Beyond detection, YOLOv11 handles five tasks from a single unified API: object detection, instance segmentation, pose estimation, image classification, and oriented bounding boxes (OBB) for satellite or aerial imagery. You pick the task; the architecture adapts.

Choosing Your Model Size

Every YOLOv11 variant is a tradeoff between speed and accuracy. Pick based on where you deploy, not on which number looks best in a benchmark table.

yolo11n

mAP 39.5

Params 2.6M

FPS ~190

Edge / MCU

yolo11s

mAP 47.0

Params 9.4M

FPS ~140

Jetson / CPU

yolo11m

mAP 51.5

Params 20.1M

FPS ~90

Recommended

yolo11l

mAP 53.4

Params 25.3M

FPS ~65

Server GPU

yolo11x

mAP 54.7

Params 56.9M

FPS ~35

Max Accuracy

The medium model is the right starting point for most production projects. It clears 50 mAP — enough for most industrial and commercial tasks — while running comfortably on a single T4 GPU at 90+ frames per second. If your use case involves tiny objects (cell counting, PCB defects, satellite imagery), go one size larger. If you’re targeting a Raspberry Pi or an MCU, start with nano.

Practical Rule

Start with yolo11m.pt and benchmark against your actual deployment hardware before choosing a different size. Most teams go too small chasing speed and then wonder why accuracy is poor, or go too large and hit latency walls in production. Profile first, optimize second.

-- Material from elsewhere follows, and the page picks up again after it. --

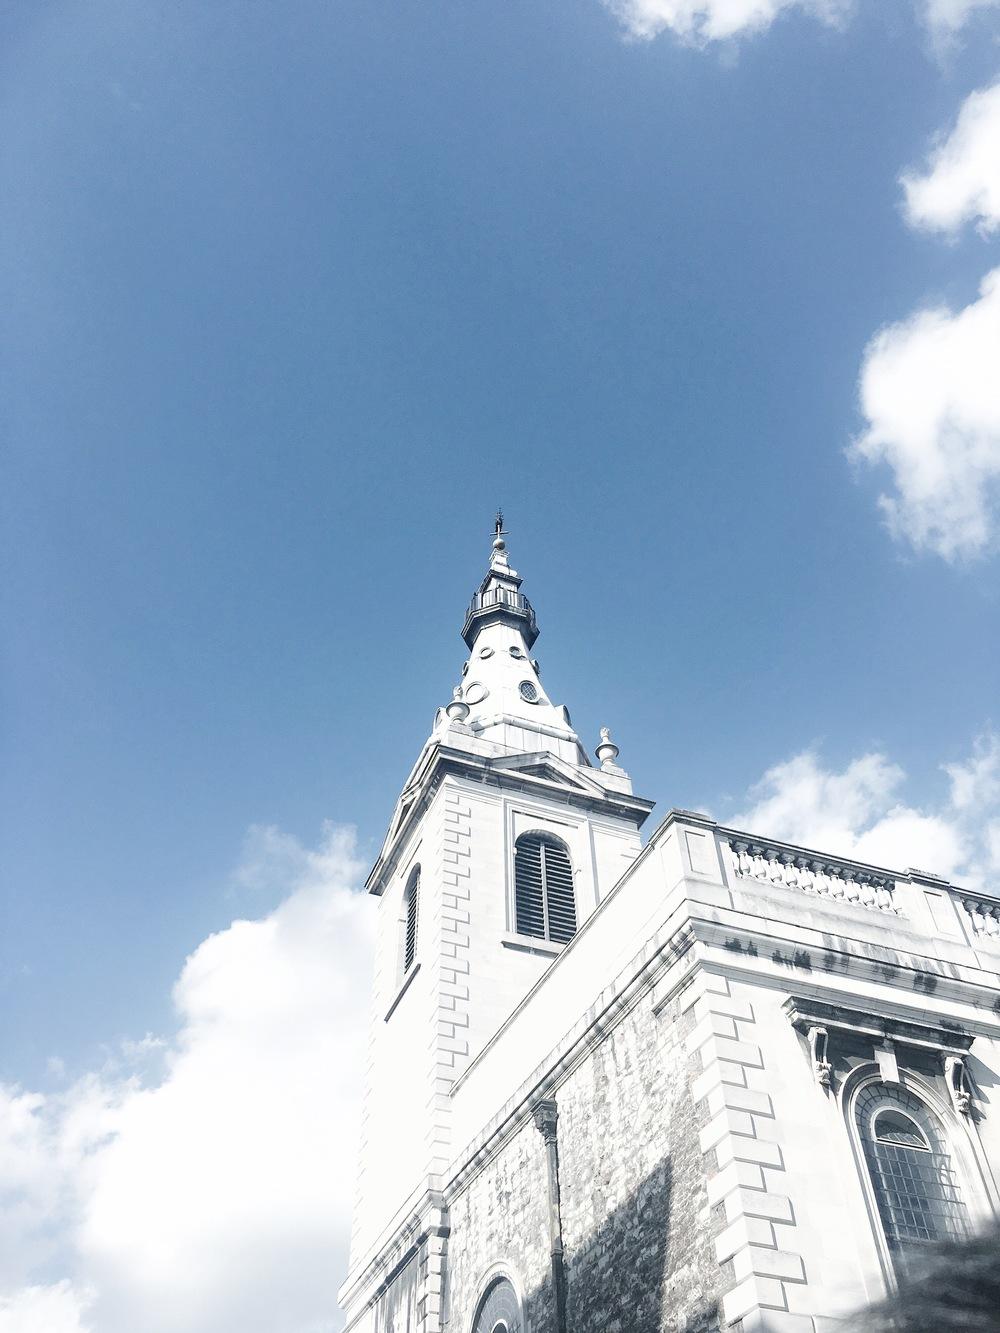 St. Nicholas Cole Abbey, London

Installation and Environment Setup

Ultralytics packages everything you need in a single pip install. You don’t need to clone a repository or manage configuration files manually.

        bash
        terminal
      
# Python 3.10+ required. CUDA 12+ recommended for GPU training.
pip install ultralytics

# Verify installation — prints version and GPU status
python -c “from ultralytics import YOLO; print(YOLO(‘yolo11n.pt’).info())”

# Optional: for FastAPI deployment endpoint later in this guide
pip install fastapi uvicorn python-multipart

The first time you load a model, Ultralytics downloads the weights automatically from its GitHub releases. If you’re in an air-gapped environment, download yolo11m.pt manually and pass the local file path instead of the size string.

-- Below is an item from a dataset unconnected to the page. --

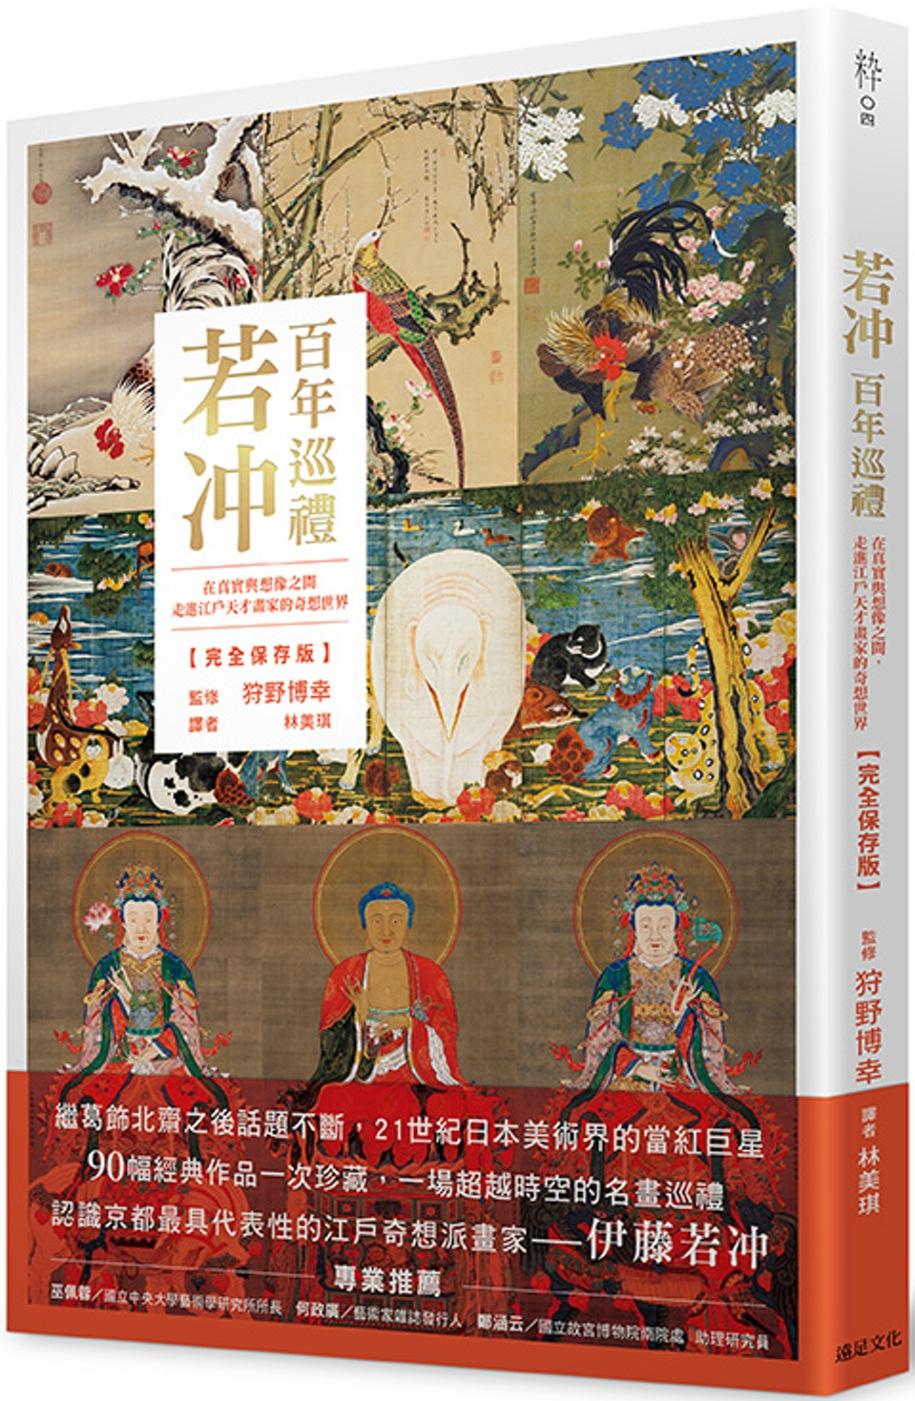 若冲 百年巡禮:在真實與想像之間,走進江戶天才畫家的奇想世界【完全保存版】

Terminal output showing Ultralytics YOLOv11 model summary: 339 layers, 20.1M parameters, 68.5 GFLOPs, and GPU memory usage during inference — Fig. 1 — `yolo11m.pt` model summary output showing 339 layers, 20.1M parameters, and 68.5 GFLOPs. The model loads in under two seconds on a modern GPU.

Running Inference on Images and Video

The Ultralytics API is intentionally minimal. A single method call handles images, video files, URLs, numpy arrays, and PIL Images. You don’t need to write preprocessing code for basic inference.

Single Image Inference

        python
        infer_image.py
      
from ultralytics import YOLO

model = YOLO(“yolo11m.pt”)  # downloads ~40MB on first run

results = model(“path/to/image.jpg”, conf=0.4, iou=0.45)

for r in results:
    print(f”Detected {len(r.boxes)} objects”)

    # Iterate boxes
    for box in r.boxes:
        cls  = r.names[int(box.cls)]
        conf = float(box.conf)
        x1, y1, x2, y2 = [int(v) for v in box.xyxy[0]]
        print(f”  {cls:15s} conf={conf:.2f}  bbox=[{x1},{y1},{x2},{y2}]”)

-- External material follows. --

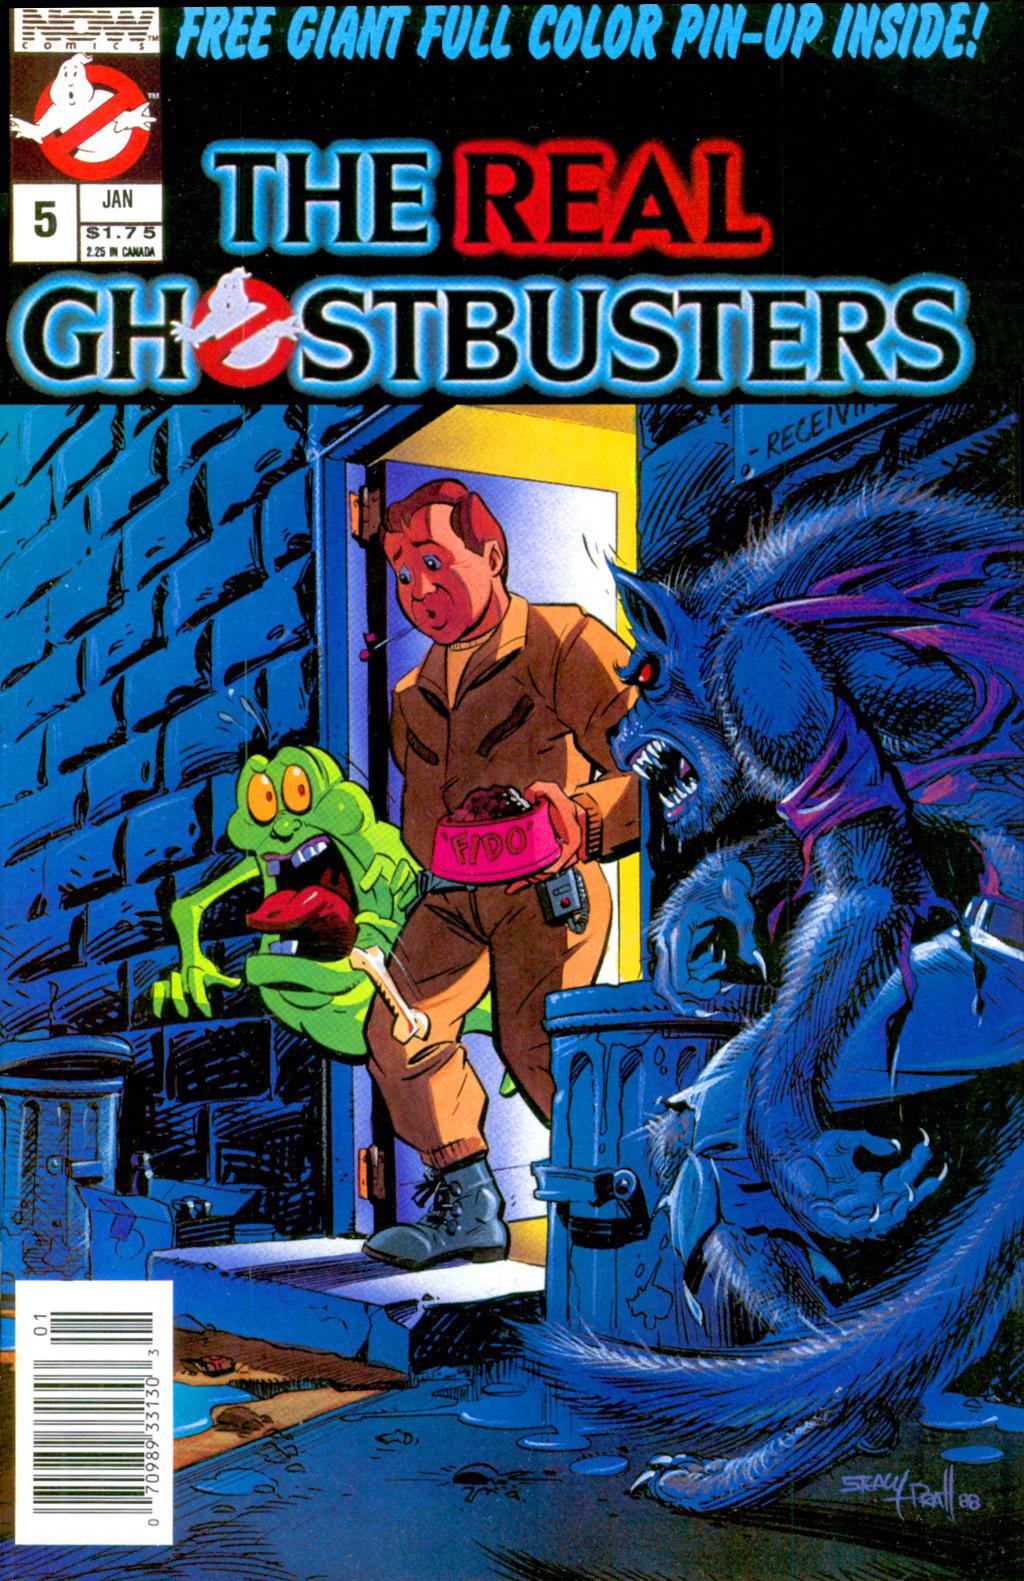 NOW Comics Vol. 1-5

    r.save(“result.jpg”)   # writes annotated image
    r.show()               # opens preview window

Live Webcam Inference

        python
        webcam.py
      
from ultralytics import YOLO
import cv2

model = YOLO(“yolo11n.pt”)  # nano for real-time webcam
cap   = cv2.VideoCapture(0)

while cap.isOpened():
    ret, frame = cap.read()
    if not ret:
        break

    # stream=True returns a generator — more memory-efficient for video
    for r in model(frame, stream=True, verbose=False):
        annotated = r.plot()              # draws boxes + labels
        cv2.imshow(“YOLOv11”, annotated)

    if cv2.waitKey(1) & 0xFF == ord(“q”):
        break

cap.release()
cv2.destroyAllWindows()

Pass stream=True for any video source. Without it, Ultralytics accumulates all results in memory before returning — fine for a single image, a bottleneck for a two-hour security recording.

Training on Your Own Data

Pretrained COCO weights cover 80 classes well, but any specialized domain — medical imaging, retail shelf analysis, agricultural defect detection — needs custom training. The process has four stages.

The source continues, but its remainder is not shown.